While it may not be immediately obvious how these fit in the “data scientists solve problems by answering questions about the world” framework, I can assure you they do. Indeed, anything you can think of that a data scientist might do ends up fitting this model because — as we’ll discuss in detail below and later in the book — all data science models and algorithms can be understood as instruments designed to answer very specific, very concrete questions about data. And once you come to appreciate that fact, not only will this frame make more sense, but you will probably also find you understand many of the models you work with regularly more intuitively than you did before.
Types of Questions#
There are three types of questions we will explore in this book, each of which helps to solve problems in a different way:[1]
Exploratory Questions: Questions about patterns and structure in the world.
Help us to understand the problem space better and prioritizing subsequent efforts.
Passive Prediction Questions: Questions about likely outcomes for individual observations or entities.
Useful for targeting individuals for additional attention or automating certain tasks.
Causal Questions: Questions about the consequences of actions or interventions being considered.
Useful for deciding on appropriate courses of action.

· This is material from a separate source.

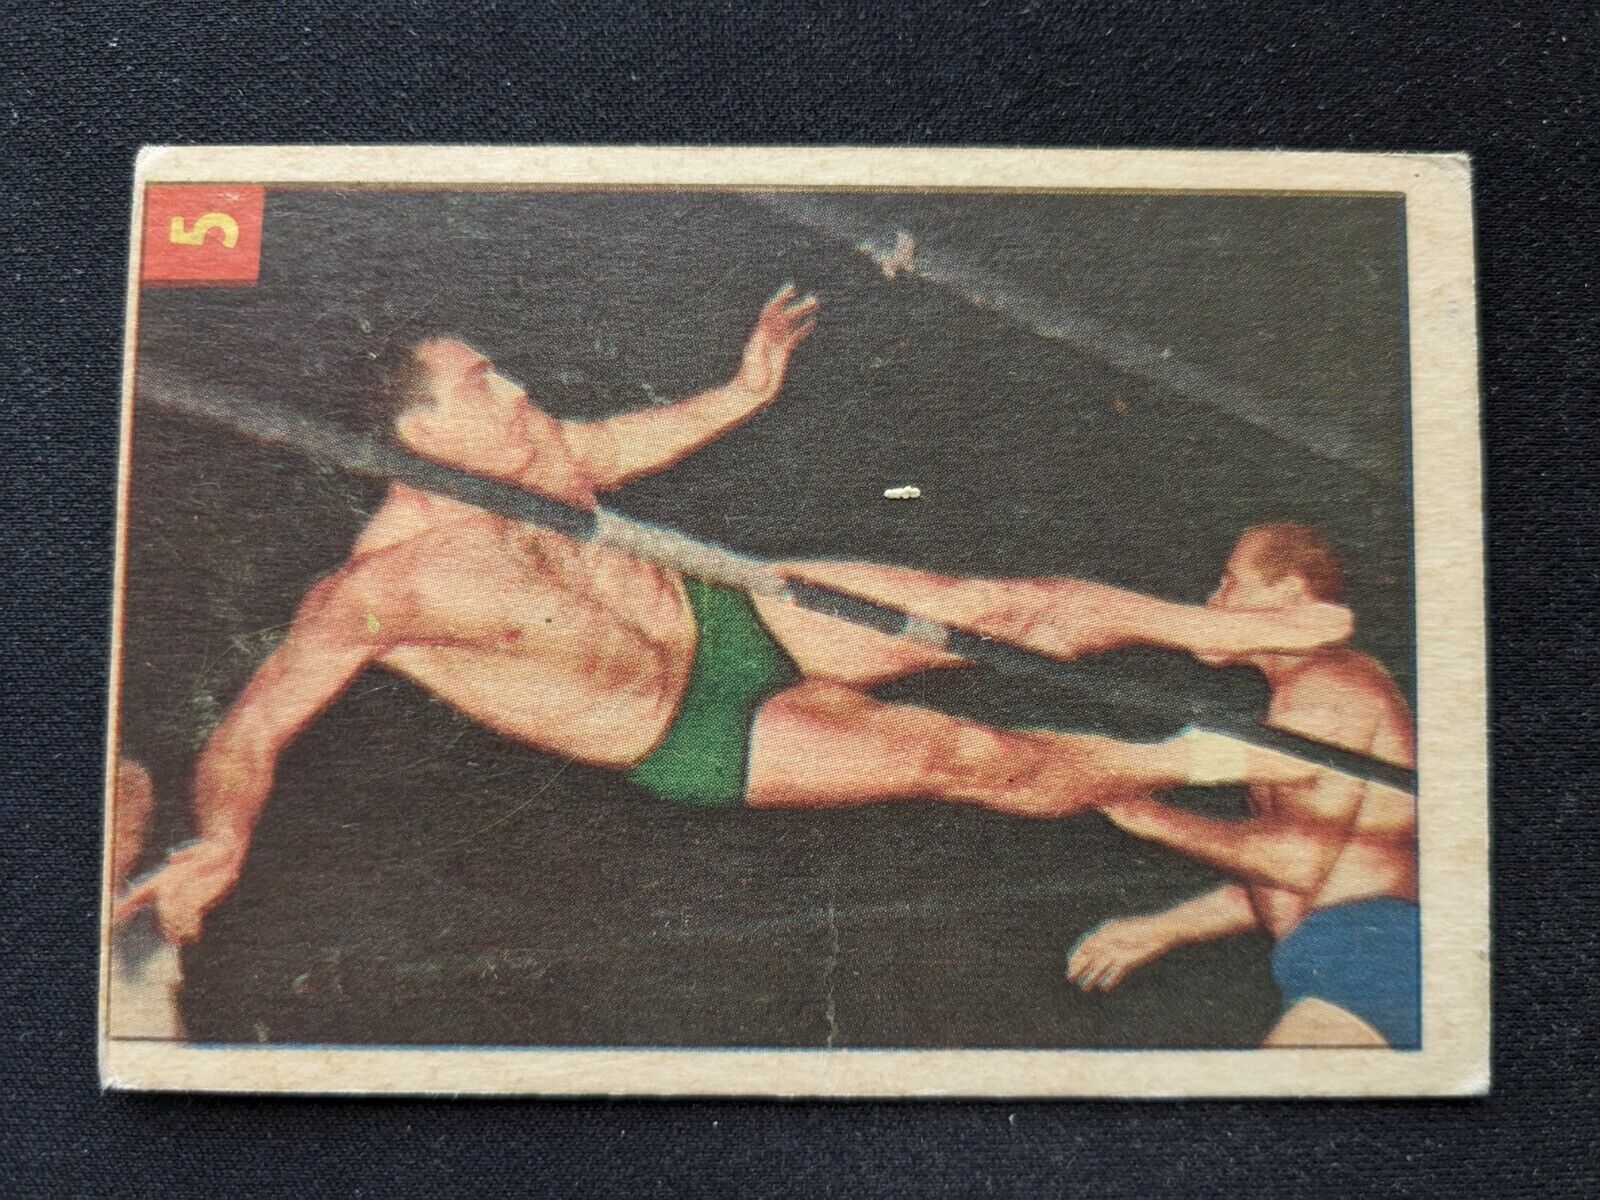 1954 Parkhurst Wrestling Card # 5 Argentina Rocca  (VG)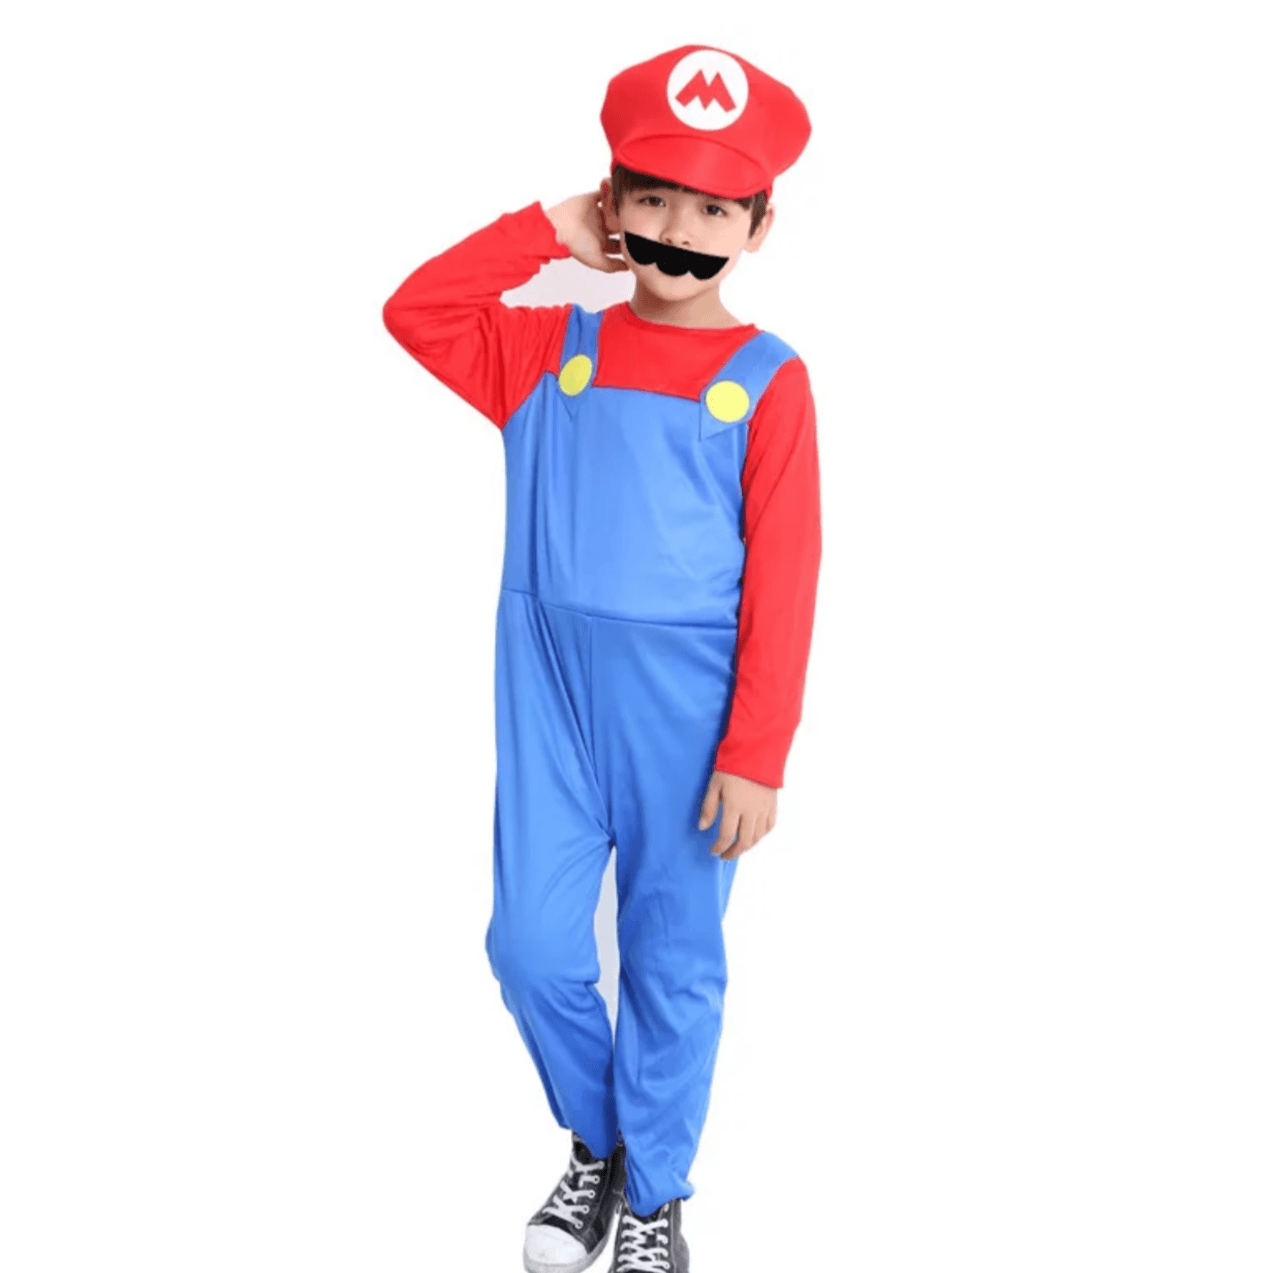 Mario & Luigi Costume - Expat Life Style

Each of these can play a different but important role in solving problems, and any effort to answer a question of each type will raise similar issues that need to be considered. As summarized next, by recognizing the class of questions we are seeking to answer, we can significantly narrow both the set of data science tools that are appropriate to consider and provide a short list of common considerations to think through.
Exploratory Questions#
Once you have settled on a problem you wish to address, the next step is often to use data science to better understand the contours of the problem in order to better prioritize and strategize your efforts. As data scientists, our best strategy for this type of investigation is to ask questions about general patterns related to your problem — what I call Exploratory Questions.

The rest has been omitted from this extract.